Баллон барона плыл по ветру, в гондоле было необыкновенно тихо. Только слегка поскрипывали канаты. Барон протянул Симону подзорную трубу. Симон подошел к ограждению. Глубоко внизу неслись по морю вслед за налетающим ветром волны. За стройным линейным кораблем с гордо надувшимися парусами тянулся короткий шлейф серебристой пены. На западе тонкой серо-зеленой каймой тянулось побережье Англии.
Около часу дня они обогнали баллон Британского воздухоплавательного общества. Экипаж приветствовал их поднятием гирлянды пестрых вымпелов и спросил о цели полета. Фергюс Маккилли приказал сигнализировать в ответ, что это — увеселительная прогулка в Бад-Хомбург. Капитан британского баллона поднял сигнал «Счастливого лечения»» и был, без сомнения, поражен: как это роскошной армаде удается без всякого труда придерживаться заданного курса и утверждать, что все пятьдесят баллонов непременно приземлятся в Бад-Хомбурге. В бортовом журнале он пометил происшествие большим вопросительным знаком, сбросил два мешка с песком и поднялся на две приблизительно тысячи метров, чтобы взять в верхних слоях пробы воздуха.

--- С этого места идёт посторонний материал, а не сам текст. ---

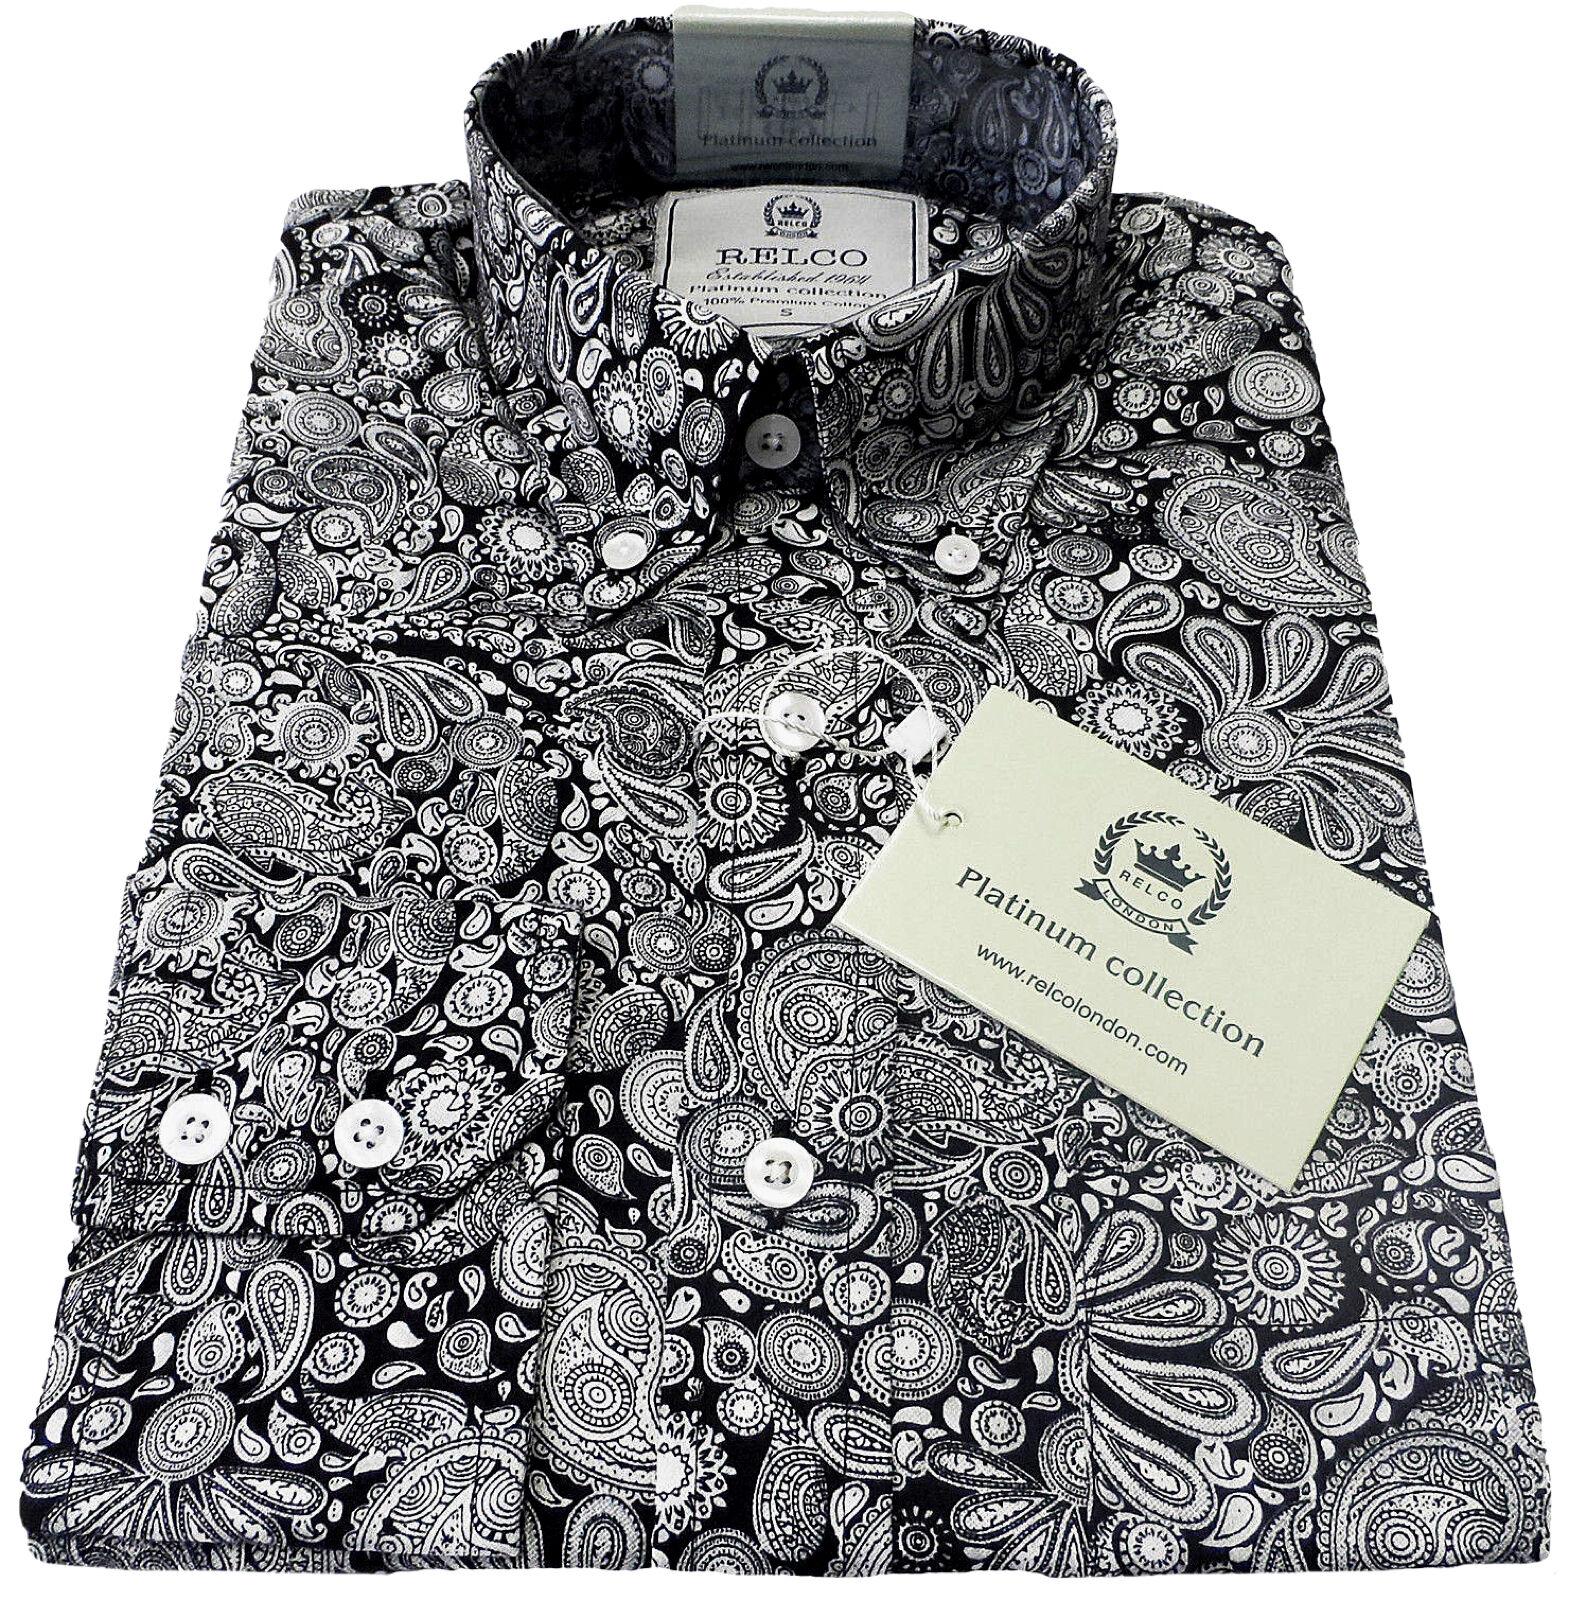 Relco Herren Paisley Hemd Platin Kollektion Langärmlig Mod Retro Vintage Schwarz  | Primäre Qualität
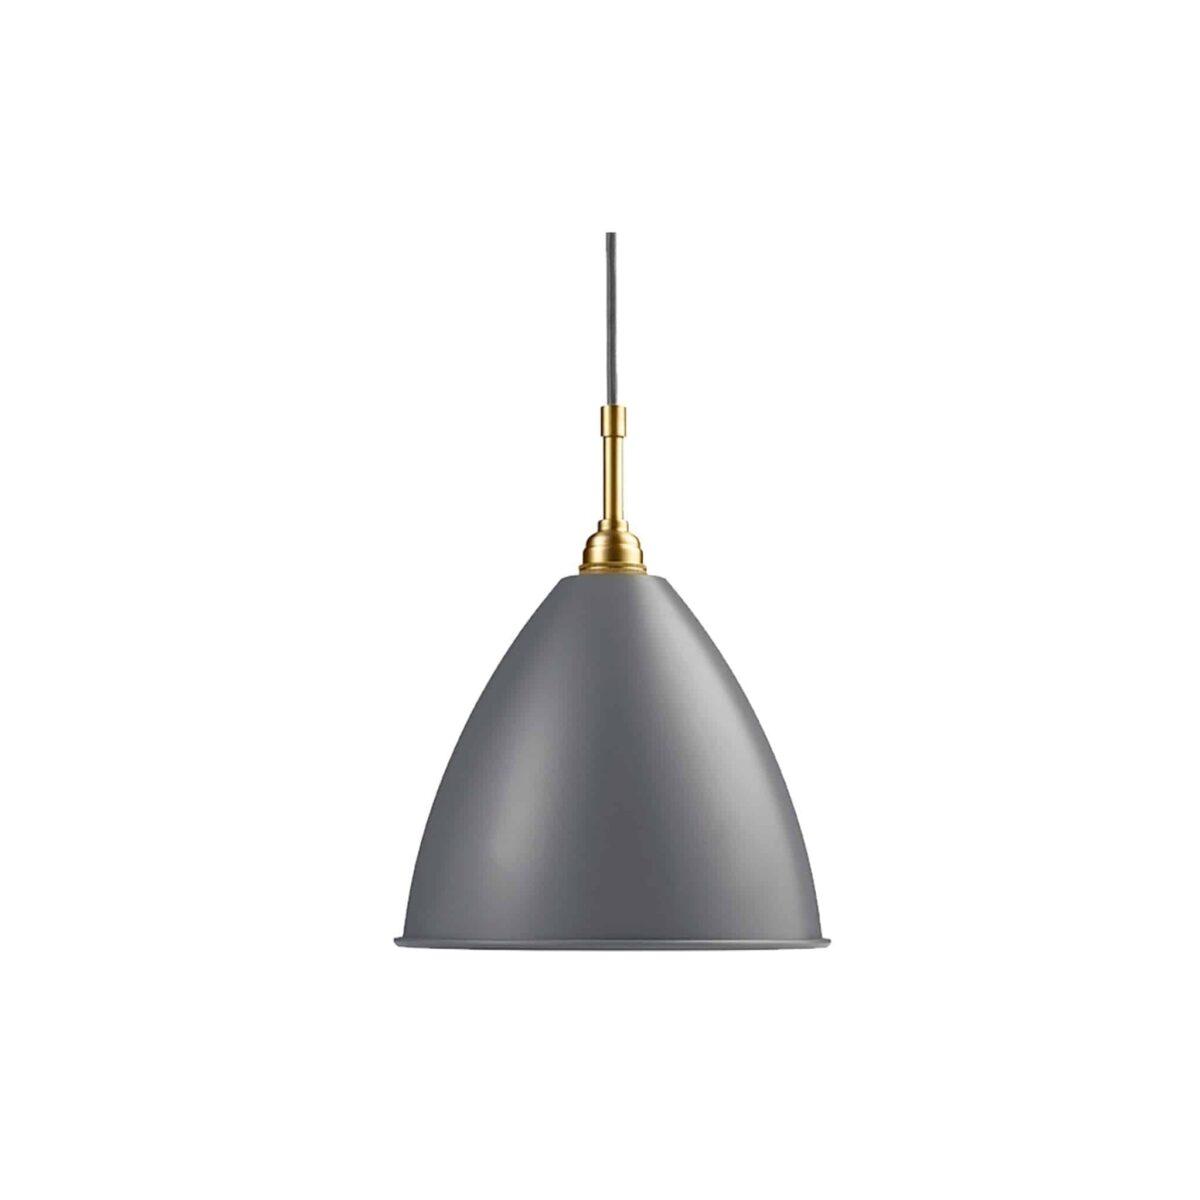 gubi-bestlite-bl9m-pendant-grey-brass-001

В обычное время во всех гондолах Маккилли сели обедать. С флагманского баллона всем пожелали приятного аппетита. Все услышали, как дворецкий Фергюса Маккилли ударил в гонг. Пепи открыл корзинку с провиантом, Симон расставил вокруг складного стола три складных кресла и разложил приборы. Барон испытующе поднял против садящегося солнца бутылку портвейна и велел не открывать ее раньше десерта: к фаршированной фисташками пулярке по-калькуттски, поданной Пепи с кресс-салатом и соусом камберленд, лучше старый шатонеф-дю-пап, полученный им в дорогу от хозяев. Проголодавшись на свежем воздухе высот, они пировали со здоровым аппетитом. На десерт Пепи подал блинчики с брусникой и хрустящие творожные кексы. Затем барон откинулся в кресле с сигарой и стаканом портвейна в руках, Симон набил трубку, а Пепи крепкими зубами оторвал кусок от пачки жевательного табака.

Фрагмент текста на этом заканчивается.